Повисла тишина, нарушаемая лишь скрипом уключин да плеском весел, разрывающих водную гладь. Фроки погрузился в воспоминания, которые, судя по всему, не приносили ему никакой радости. Я тоже молчал, размышляя над услышанным и словно бы видя своего могучего, вечно жизнерадостного друга под новым углом. Я не слишком верил в то, что погребальный курган принадлежал полулегендарному Альтейну, но не оставалось сомнений, что Фроки, однажды призвавший на помощь героев древности, в самом деле обрел одного – в самом себе. Как и в случае с Адель, печальная история его детства заканчивалась кровавой вспышкой насилия. Неужели же только подобные испытания и способны выковать поистине железный характер? Я чувствовал, что в глубине души Фроки является одним из добрейших людей, каких я только знал, и мог лишь с ужасом предполагать, какие страшные кары ночами насылает на него совесть в наказание за убийство двоих беспомощных детишек – пусть и вампирских. Я обвел взглядом остальных. Мне вдруг остро захотелось узнать, какие тайны скрывают неунывающий находчивый Клаус или холодный, вечно сосредоточенный Герцог, захотелось выслушать их истории, чтобы лучше постигнуть натуру людей, ради которых я без тени сомнения готов был рискнуть жизнью. Но времени уже не оставалось – мимо потянулись замызганные хибары портового района, сложенные из всякого мусора и погруженные в вечный сон, немногим отличный от оцепенения смерти. Речной круиз подходил к концу.

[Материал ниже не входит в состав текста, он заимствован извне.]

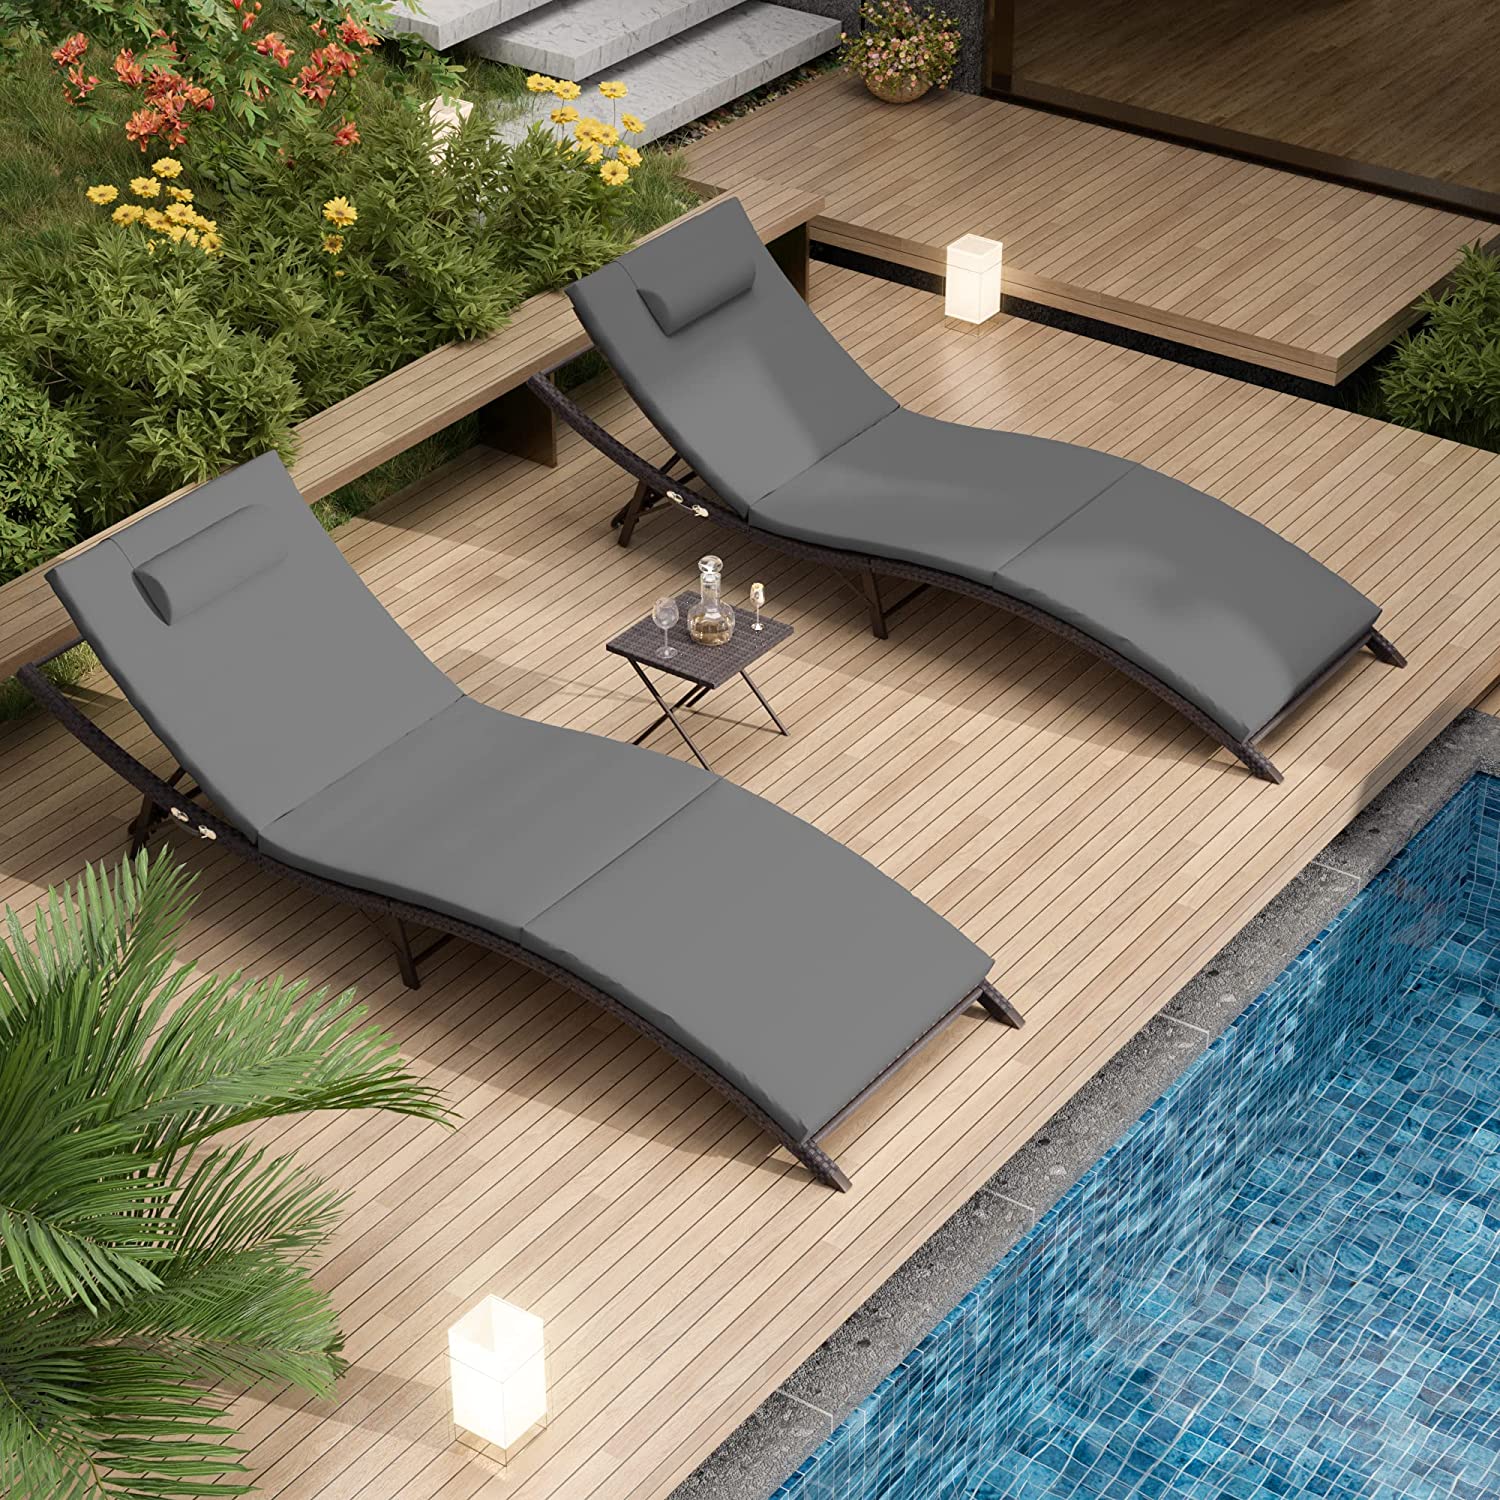 Kullavik Patio Chaise Lounge Set 3 Pieces Outdoor Lounge Chair Outdoor Wicker Lounge Chairs with Table Folding Chaise Lounger for Poolside Backyard Porch,Grey - image 1 of 7

Глава 10. Быт и нравы крысиного города

Герцог указал на один из причалов, и гребцы подвели нашу посудину прямо к нему. Причал был ветхий, осклизлый, на поверхности почерневших досок жемчужно поблескивали кругляши рыбьей чешуи. Кое-где среди лачуг сновали истощенные бледные люди. Одни бессильно сидели на бунтах старых канатов, другие деловито суетились, спуская на воду утлые лодчонки, на вид еще более ненадежные, чем наша. Атмосфера поселения казалась нездоровой и не шла ни в какое сравнение с покоем и умиротворенностью тесных улочек Эйвена. Я знал, что свободные городские жители, не занятые на фабричном производстве, обязаны были регулярно сдавать кровь в качестве налога – но иногда выкачанные дозы оказывались настолько большими, что несчастные погибали. Впрочем, скудное питание и тяжкий труд все равно никому из них не позволяли надолго задержаться на этом свете.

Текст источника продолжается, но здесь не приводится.